Question 5 (2 points)
What is the mean restaurant rating for all restaurants (rounded to 2 significant digits)?
Question 6 (2 points)
What is the median of the restaurant rating scale?
Train/Test Split and Score Setup
(Note: this section is not included in the quiz and is not graded.)
We've provided code to you below for a scoring function and to split the data into train and test sets. Use the train and test set generated from this code to answer the next questions. You must not change this code if you want to get the correct answers.
Question 7 (2 points)
Compute a baseline model that always returns the median of the rating scale (rounded to 2 significant digits). What is the RMSE on this model?
Question 8 Build a Weighted Mean User-Based Filter (manually graded) (4 points)
From data in the file restaurant_rating.csv, build a ratings matrix from the data frame of users, restaurants, and ratings and build a user-based collaborative filtering model that weights mean rank using cosine similarity among users.
Question 9 2 points
What is the RMSE (rounded to 2 significant digits) of the Weighted Mean algorithm?
Question 10 User-Based SVD - Hyperparameter tuning (Manually Graded) (4 points)
From data in the file restaurant_ratings.csv, use the surprise library in Python to build an SVD user-based collaborative filtering model for the restaurant ratings. Use gridsearch to tune the hyperparameters, reserving 15% of the data to get an unbiased estimate of the accuracy. For the grid, use the following options:
'n_epochs': [15, 20, 25] (The number of iterations of the Stochastic Gradient Descent minimization procedure.)
'lr_all': [.005, .025, .001] (The learning rate.)
'reg_all': [.01, .02, .05] (The penalty for complex models.)
Additionally, use the following:
3 folds for cross validation
a seed of 14
Use the example from the lesson and be sure to set the seed in the appropriate place. Note: this code will take several minutes to run.
Question 11 (2 points)
What is the biased accuracy (rounded to 2 significant digits) of the algorithm?
Question 12 (2 points)
What is the unbiased accuracy (rounded to 2 significant digits) of the algorithm?
Question 13 (2 points)
What is the number of iterations of the stochastic gradient descent ('n_epochs') value chosen by the grid search?
Question 14 (2 points)
What is the learning rate ('lr_all') chosen by the grid search?
Question 15 (2 points)
What is the regularization ('reg_all') chosen by the grid search?
Question 16 (2 points)
Now that we know what our best parameters should be, we need to train our SVD model on all the available data. Do the following:
set the seeds for reproducibility
reset the data.raw_ratings to all of the ratings OR reload the data from the dataframe
use the build_full_trainset() method to build a full trainset
set up an SVD algorithm using the best parameters
fit the data to the trainset
predict the estimated rating for user 1061 and restaurant 347
What is the predicted estimated rating (rounded to 2 digits) for user 1061 and restaurant 347?
Hybrid Filter Setup
(Note: This section is not included in the quiz/solutions.)

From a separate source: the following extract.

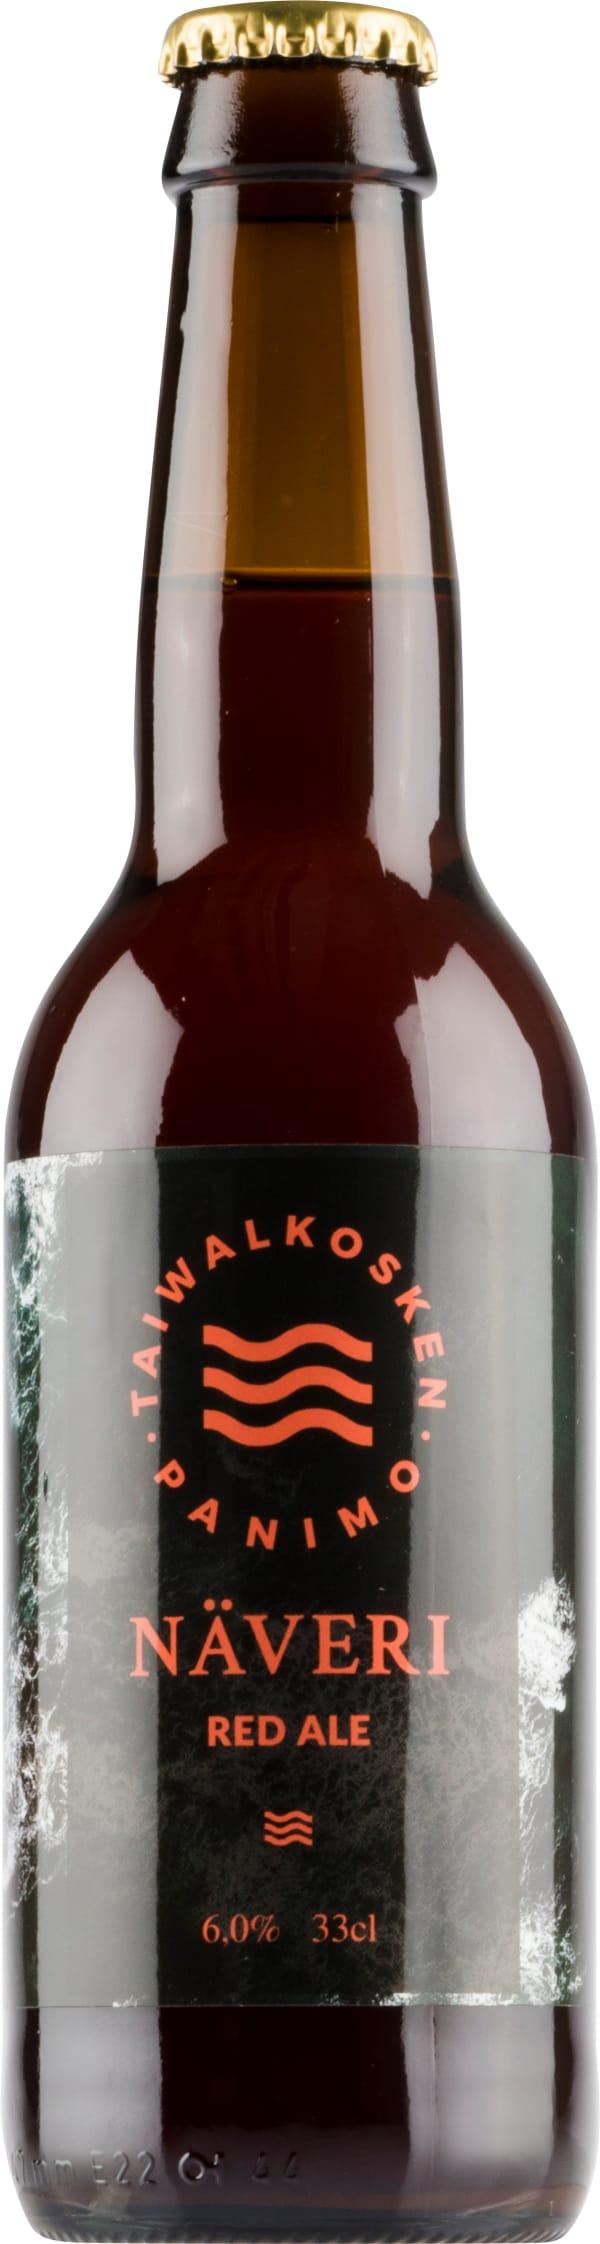 Taiwalkosken Näveri Red Ale

From data in the files restaurant_ratings.csv and restaurants.csv build a recommender system that is a hybrid of a metadata content-based recommender and the SVD user-based collaborative filter that you just trained.
To set up your hybrid filter:
read in the restaurants.csv into a variable called rest
review the data in the dataframe (Note that we have pre-cleaned the data for you, including using TextBlob to extract just the relevant descriptors from the description. Not all restaurants have a description.)
make a soup from the following columns, which are all simple strings (Hint: the soup for the first item in the geoplaces dataframe should be: 'Contemporary American Average_price rustic airy adorable classic most distinguished uncommon innovative American proud only world-class week.IMPORTANT special welcome'):
restaurant_type
price_range
ambiance
descriptors
Instantiate a CountVectorizer with no stopwords (use
stop_words = None). (We shouldn't have much in the way of stopwords, since it's all keywords.)Use the provided fetchSimilarity function to get a countVectorizer similarity matrix using the soup column. (Hint: the similarity at [0,2] should be 0.2849014411490949.)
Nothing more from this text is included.